◆ TASK TO CARRY OUT:
Filter the listing below, please, and copy only the lines with the word "Prepare".

** Opening TASK DATA block **

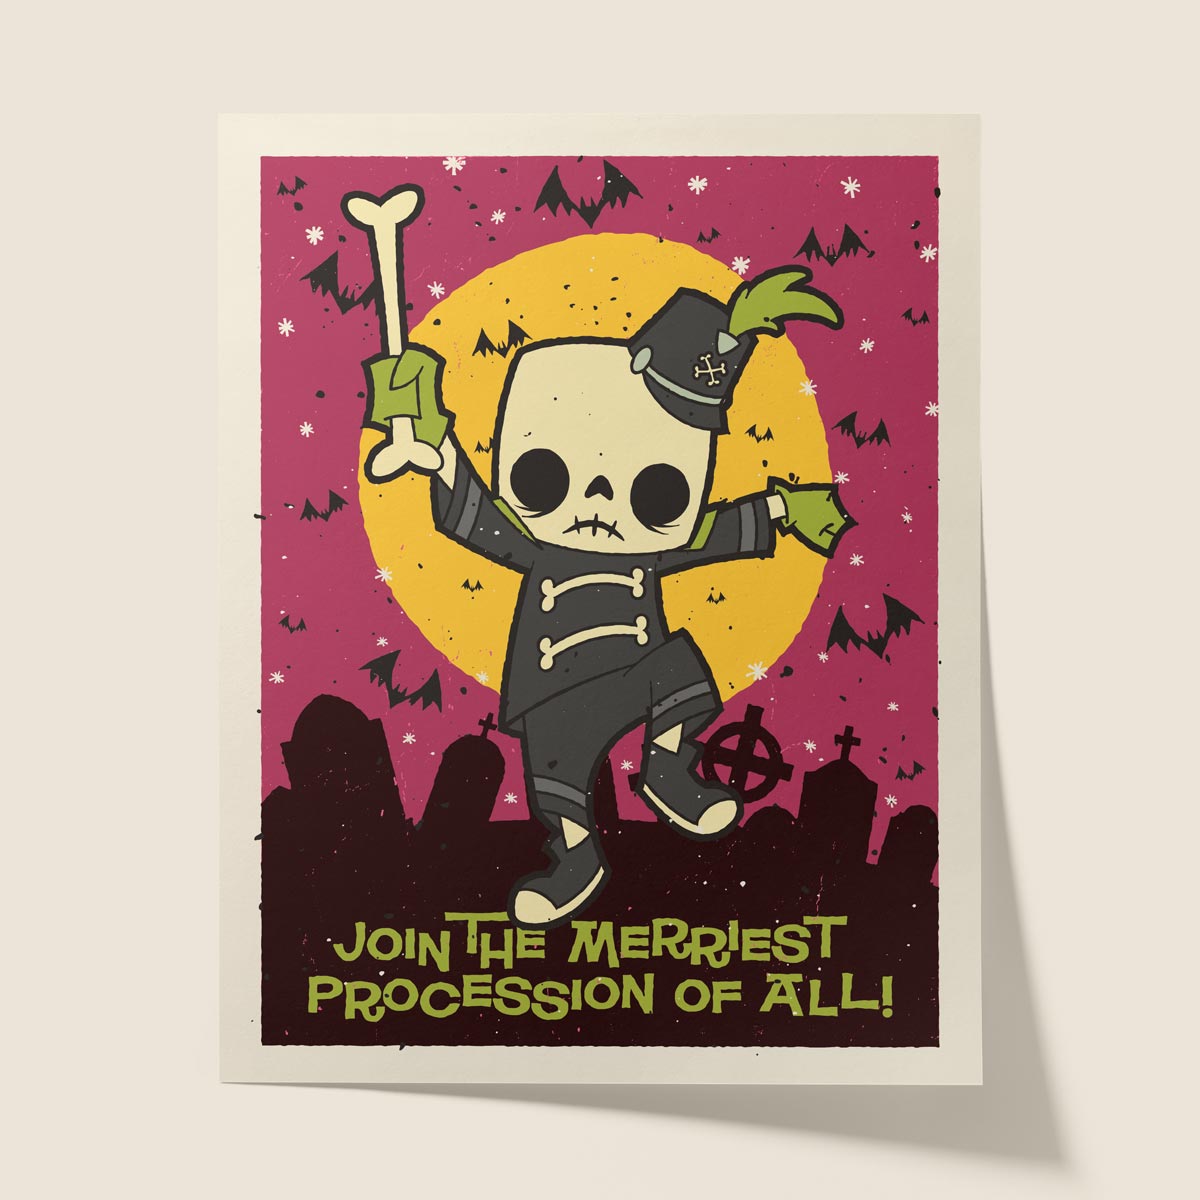 The Merriest Procession Print
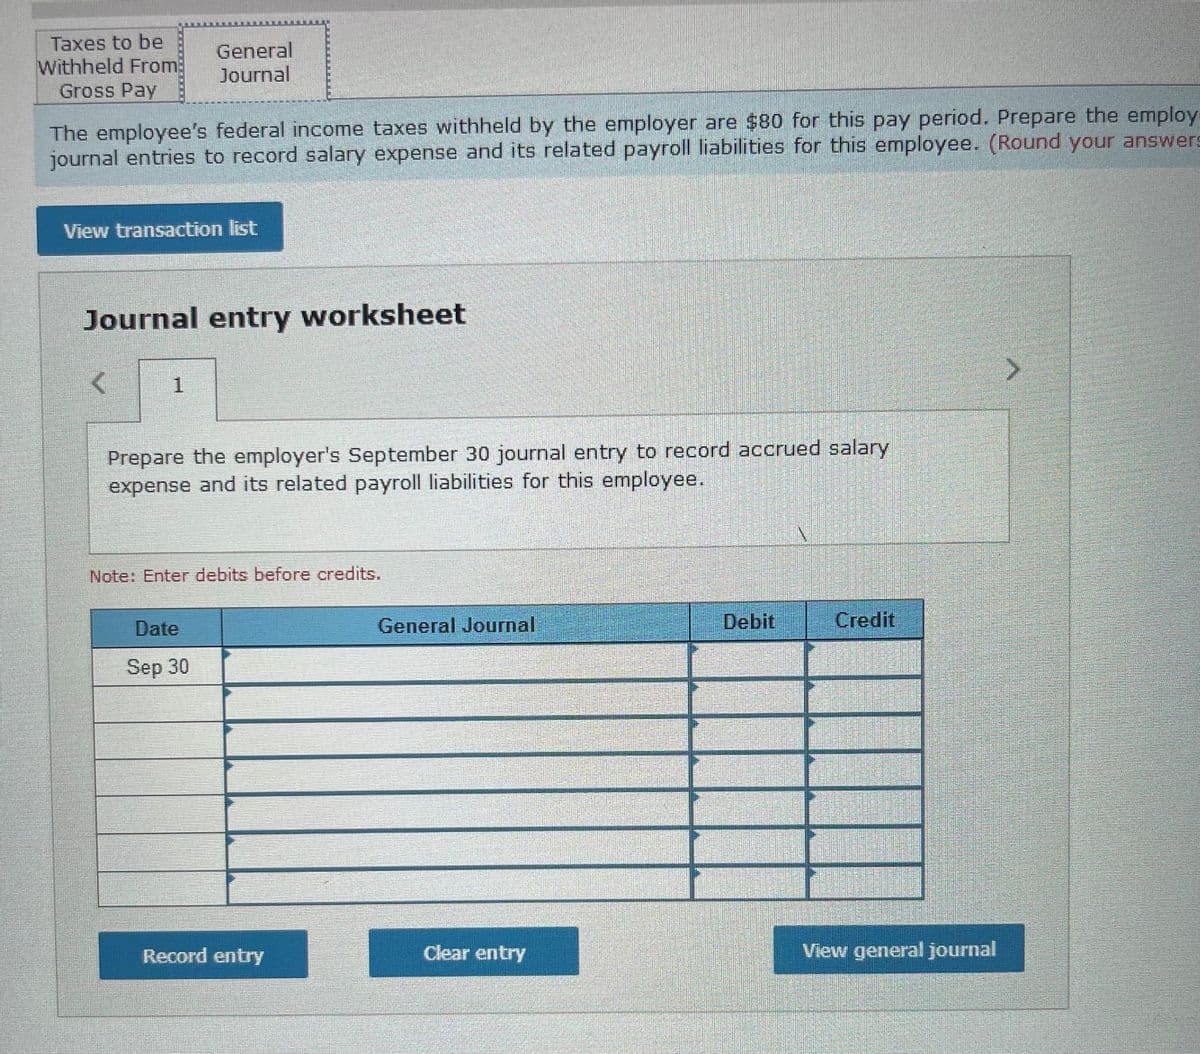 Taxes to be
Withheld From
Gross Pay
General
Journal
The employee's federal income taxes withheld by the employer are $80 for this pay period. Prepare the employ
journal entries to record salary expense and its related payroll liabilities for this employee. (Round your answers
View transaction list
Journal entry worksheet
1
Prepare the employer's September 30 journal entry to record accrued salary
expense and its related payroll liabilities for this employee.
Note: Enter debits before credits.
Date
General Journal
Debit
Credit
Sep 30
Record entry
Clear entry
View general journal

** Closing TASK DATA block **

◆ OUTPUT OF THE TASK:
The employee's federal income taxes withheld by the employer are $80 for this pay period. Prepare the employ
Prepare the employer's September 30 journal entry to record accrued salary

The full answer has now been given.